With the festive holiday period now behind us and as we start to slowly get back into the grind of work and post holiday diets there will be one event that will dominate press coverage throughout the year: the UK General Election.

We are currently faced with a political environment that we have not witnessed in the post war era. With the two main parties currently neck and neck in the polls and with the emergence of smaller political parties, predicting the outcome has never been so difficult.

The election has led to many political commentators debating the possibility of a historic two election year with potentially the next prime minister, not necessarily, being appointed from the largest political party.  The big question for all political commentators is who will stand outside Number 10 in May?  For public affairs executives trying to develop a public affairs strategy, the environment has never been so multifaceted.

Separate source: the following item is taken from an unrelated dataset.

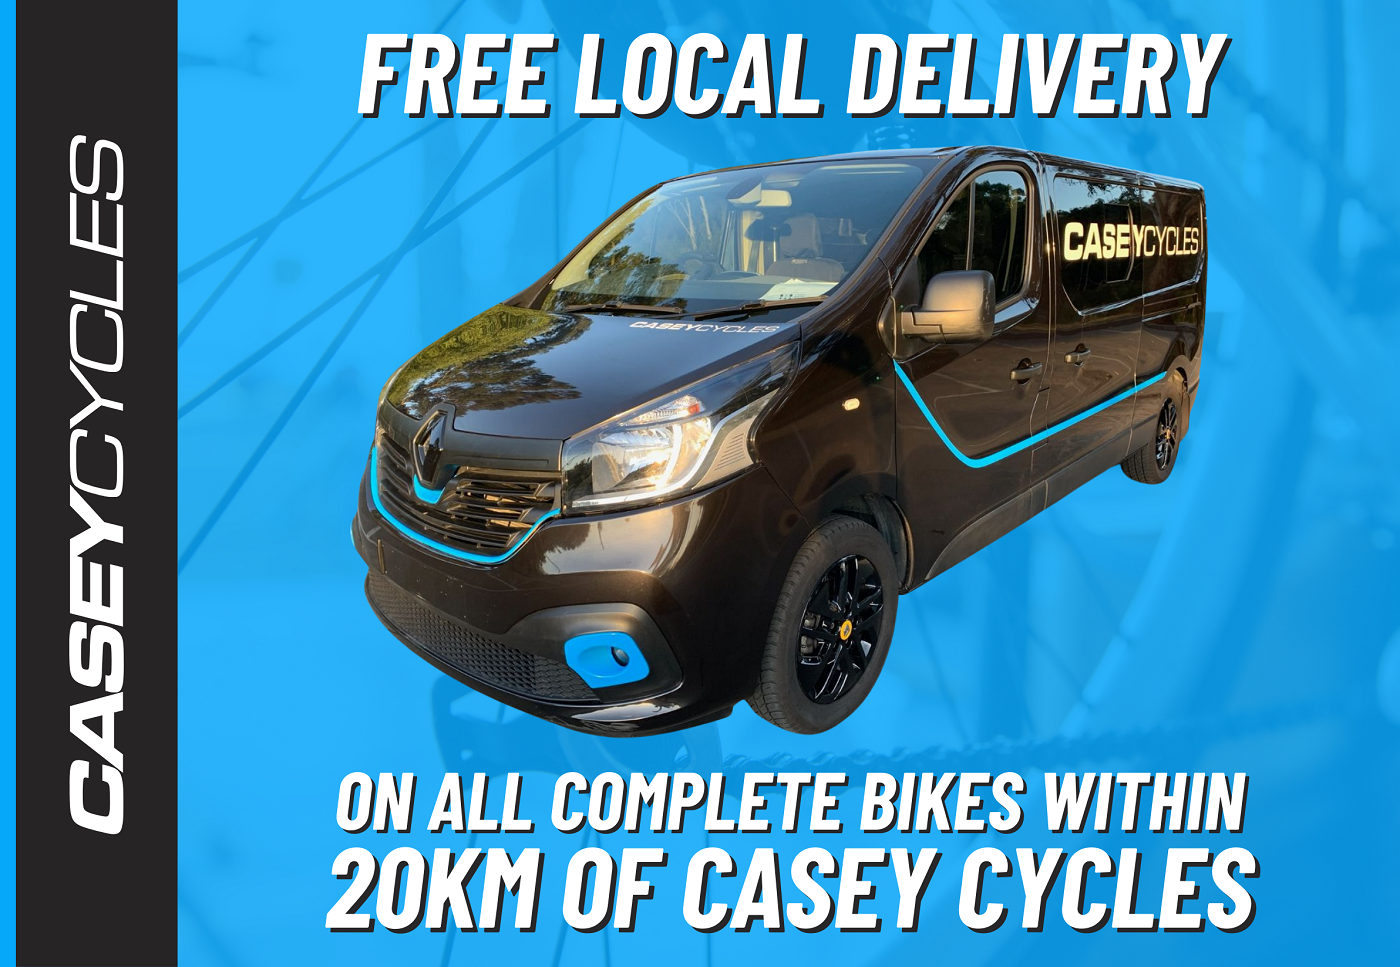 Buy any complete bike and receive free local delivery with 20km of Casey Cycles Cranbourne.

There is, however, one prediction I am willing to make.  I predict this election will be remembered not only for the result but for politicians photographed in ill fitted hi-vis jackets and hard hats.  With the age of social media and instant uploading of pictures, politicians have never been so enthusiastic about visiting manufacturing plants and facilities in order to showcase their continual engagement and support for local businesses.

Industry is currently in a strong position to actively engage with key policy makers.  With MPs and parliamentary political candidates eager for the perfect hi-vis photograph, I call on all companies to invite and host their local politicians at their facilities and plants in the build up to the election in May.

It has never been so important for companies to engage with their local politicians.  With the outcome so difficult to predict, it is fundamental that all potential candidates understand the economic and social importance that construction product manufacturing has in their constituencies and across the UK as a whole.

2014 saw the Boris Brick, will 2015 see the announcement of Cameron’s Clay, Clegg’s Concrete, Miliband’s Metal or even Farage Flooring?  I look forward to seeing the photographic uploads over the next few months.